Health Care Navigators

Submitted by Catherine M. Zeigler on
Dr. van Eijk would like to remind all readers that they can explore and sign up for health insurance plans at healthcare.gov!

The COVID pandemic has helped us appreciate the “essential workers” and shone a light on just how many different kinds of essential health care workers there are. Even then, our health system is so complex that there are still many you may not even know about. It’s now the job of Associate Teaching Professor Marieke van Eijk to share the stories of one of those types of workers: health insurance navigators. These are the people who help others through the complicated world of obtaining, managing, and keeping health insurance. It is challenging for any of us to understand insurance and its elaborate set of rules and jargon. For many folks — including those recently unemployed, working-class people, immigrants, people of color, and those who do not speak English or speak it as a second language — managing health insurance can be a matter of life and death. 

With the help of UW’s Center for Health Workforce Studies and thanks to a grant from HRSA — the Health Resources and Services Administration — Dr. van Eijk interviews health care navigators for a few different purposes. One is to give them a voice and help make visible the hard work, rich talent, and endless dedication of this community of workers. Another pertains to answering some of the broader questions of medical anthropology in the context of the contemporary US — what do we expect of health care workers at different levels of the prestige hierarchy? What burdens do we place on people to reduce the health disparities they and their communities are victims of? But there is also a more immediate set of goals: to distill what the needs of navigators are in trying to make their work most effective, to communicate those needs to policymakers at federal, state, and local levels, and to help the navigators effectively advocate for themselves and their clients as they speak to officials, grant agencies, and beyond. 

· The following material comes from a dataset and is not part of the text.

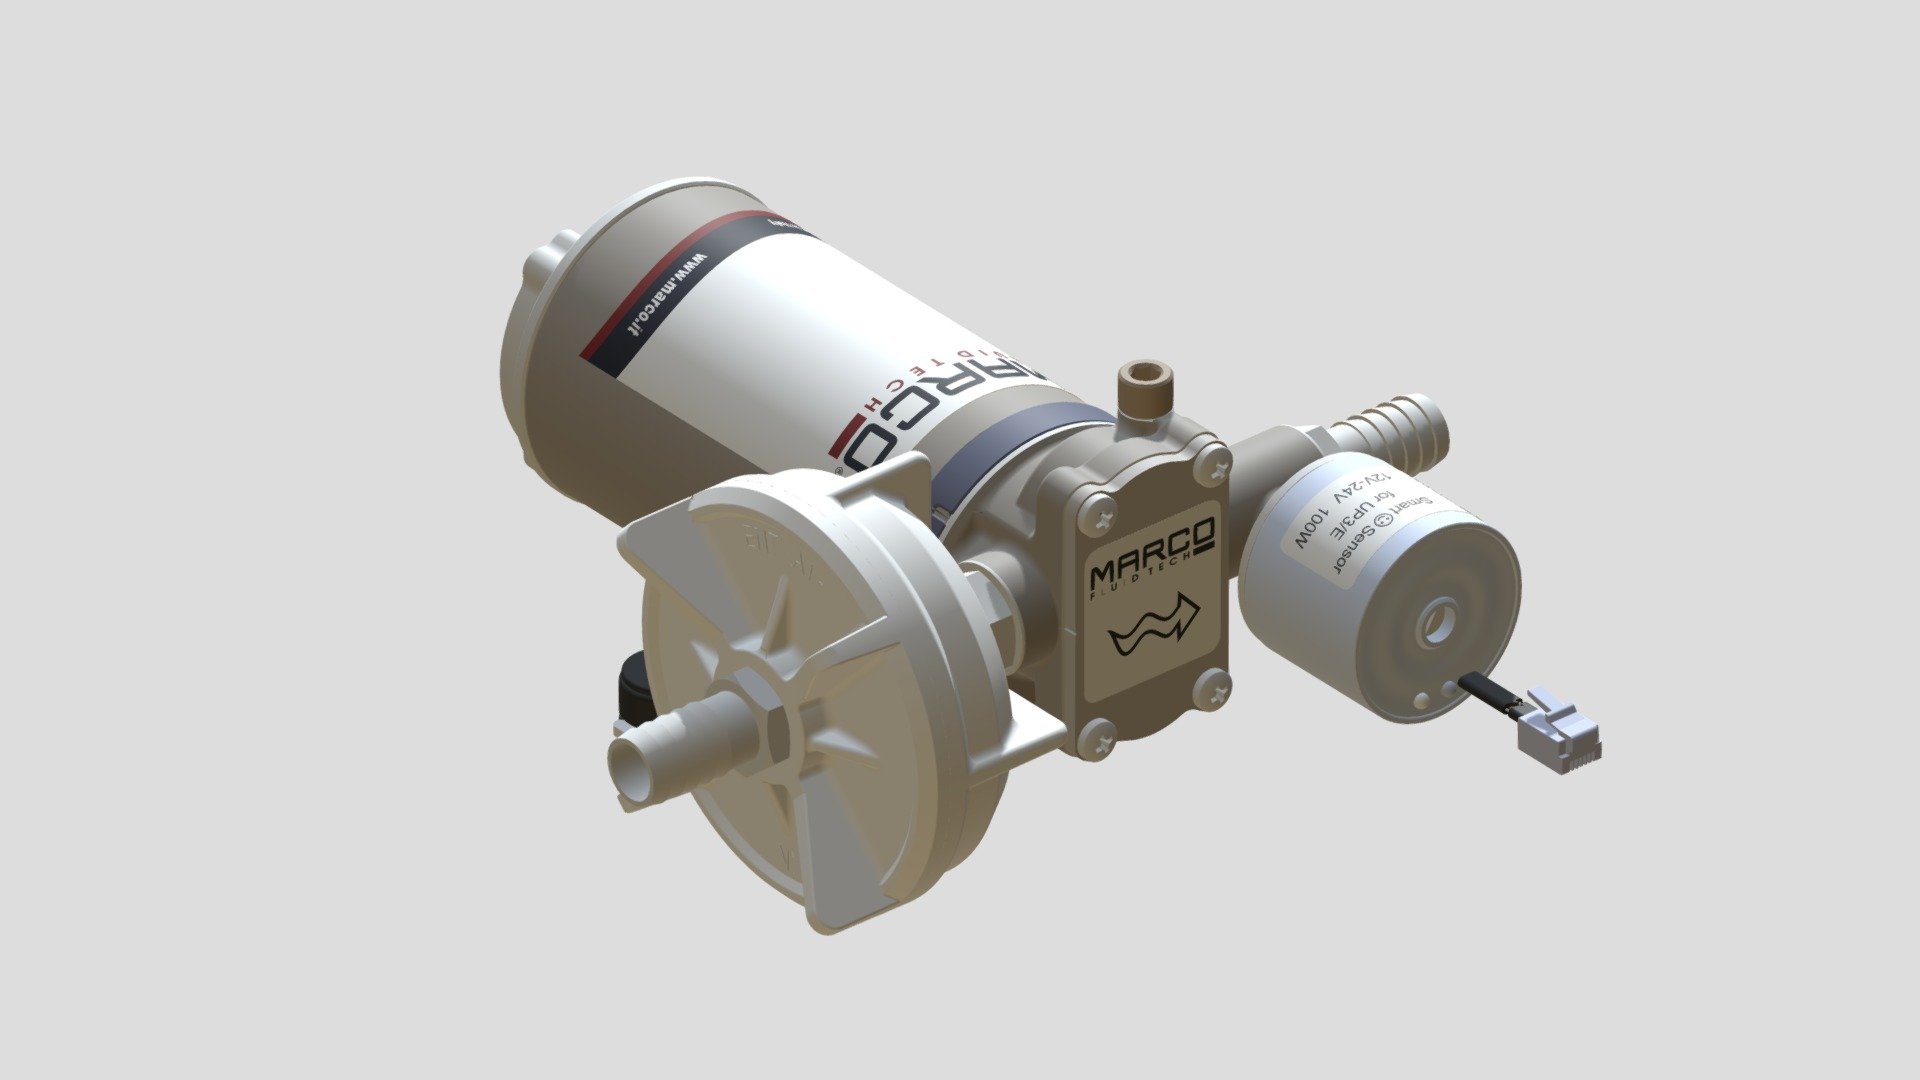 UP8/E electronic water pressure system 10 l/min
Self-priming automatic electric pump with helical PEEK gears, integrated check valve and electronic control. Nickel-plated brass body and stainless steel shaft. Main applications: fresh water pressure systems and shower kits on boats, rubber dinghies, sailing boats and campers 3d model

As Dr. van Eijk has learned, navigators need a wide range of skills — familiarity with multiple cultures, communities, and languages, plus knowledge of the arcane rules of insurance and health care, and boundless empathy and patience. Federal funding for navigators was first set up by the Affordable Care Act to reduce the number of people without insurance. However, in 2018 the total budget went down to $10 million from $63 million in 2016, an 84 percent budget cut. These funding cuts, plus shorter enrollment periods and quickly changing marketplace insurance plans, drastically reduced people’s access to navigators. Navigators had to help more people with less time and money and could do less outreach in hard-to-reach communities. Once COVID hit, however, 27 million Americans suddenly found themselves unemployed. Navigators were hit with a tidal wave of new clients, threatening to overwhelm an already fragile system. The American Rescue Plan offers promising help to rebuild the system but is a slow process that requires additional skill sets from the navigators. 

This research is but one of Dr. van Eijk’s current research projects — others include work with birth doulas who help pregnant people in underserved communities and with community paramedics and emergency medical responders during COVID. These projects have in common that they address health disparities and seek to improve access to quality, culturally sensitive, and affordable health care. Dr. van Eijk conducts these projects on top of her highly-regarded teaching and service to the department and the field. Which is a good reminder that the list of dedicated health professionals performing critical work includes yet another job category we know well: medical anthropologists.